Animals were housed in a 12 h dark/light cycle with food and water ad libitum. The animals were group housed before head plate surgery. After surgery they were individually housed.

Head plate implant surgery

Animals were induced with 2–4% isoflurane and placed in a stereotaxic frame. The anesthesia was maintained at 1–2% for the surgery. Animals were given Rimadyl (5 mg/kg) for analgesia. The skin on the top of the skull was removed, and the head plate (model 11, Neurotar) was secured to the skull using a mixture of dental cement and Vetbond (3M).

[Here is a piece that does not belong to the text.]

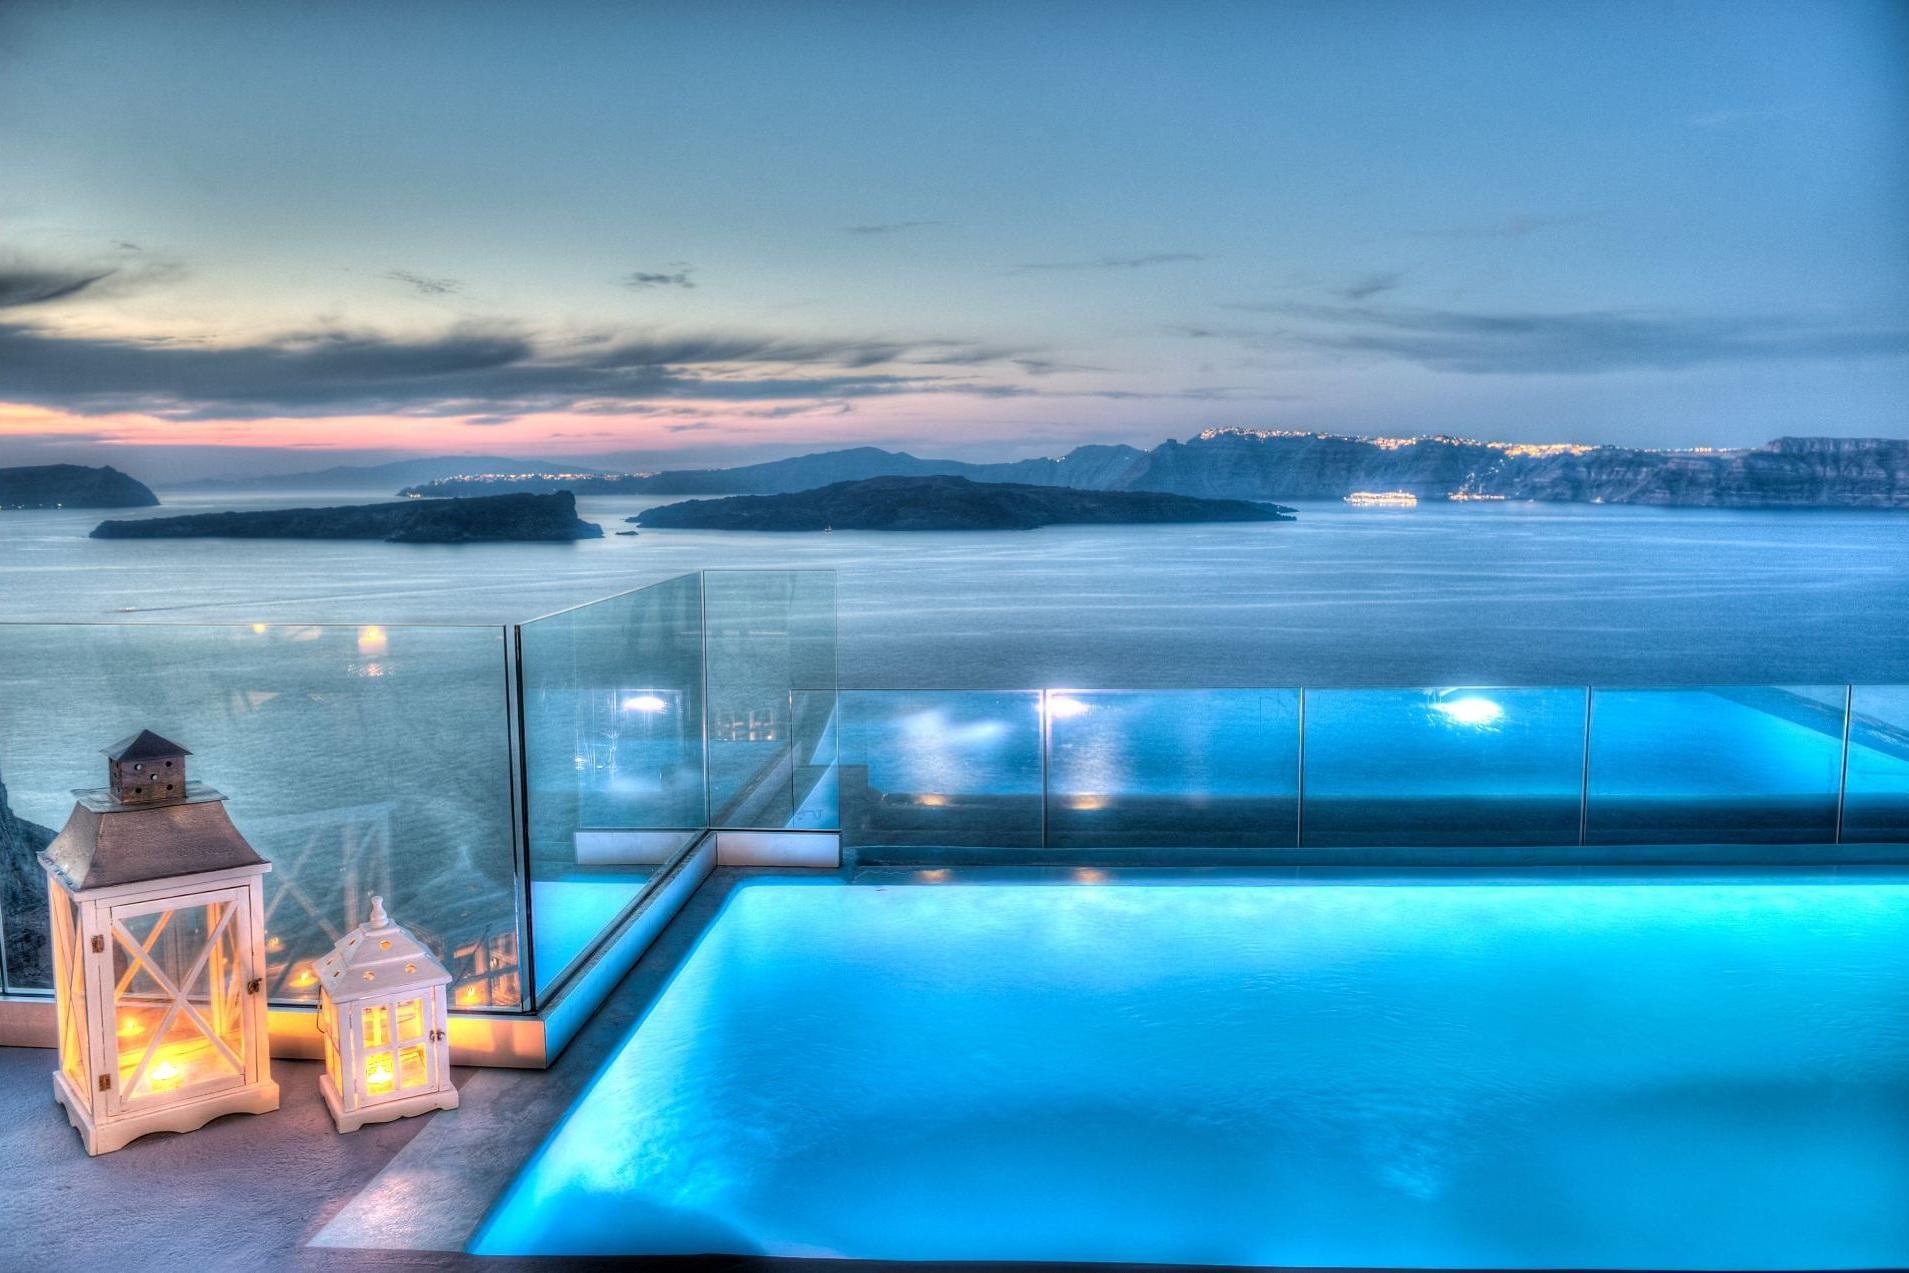 Astarte_Suite_private_infinity_pool_Santorini_A4_at_night.jpg

Two screws were implanted anterior to the head plate for grounding. A craniotomy was created to expose the brain above PBN (AP, 4.8–5.3 mm; ML, 0.5–2 mm), and the dura was removed. The area was cleaned using a cortical buffer with antibiotics containing 125 mm NaCl, 5 mm KCl, 10 mm Glucose, 10 mm HEPES, 2 mm 1 m CaCl2, 2 mm 1 m MgCl2, 100 units/ml penicillin, and 0.1 mg/ml streptomycin. The craniotomy was closed using a silicone elastomer (Kwik-Sil, World Precision Instruments). The animal was placed on a heating pad and allowed to recover.

Training

Animals were trained on the Neurotar Mobile HomeCage, where they were head restrained but allowed to locomote freely on a carbon fiber platform supported by a cushion of air. Animals were given 5 d to recover after the implant of the head plate. On day 6 animals were left in their home cage and placed near the Neurotar setup to habituate them to the noise of the air flow for 2 h. On day 7, animals were placed in the Neurotar setup and allowed to move freely for up to 2 h to habituate them to the device. Electrophysiology recordings started on day 8.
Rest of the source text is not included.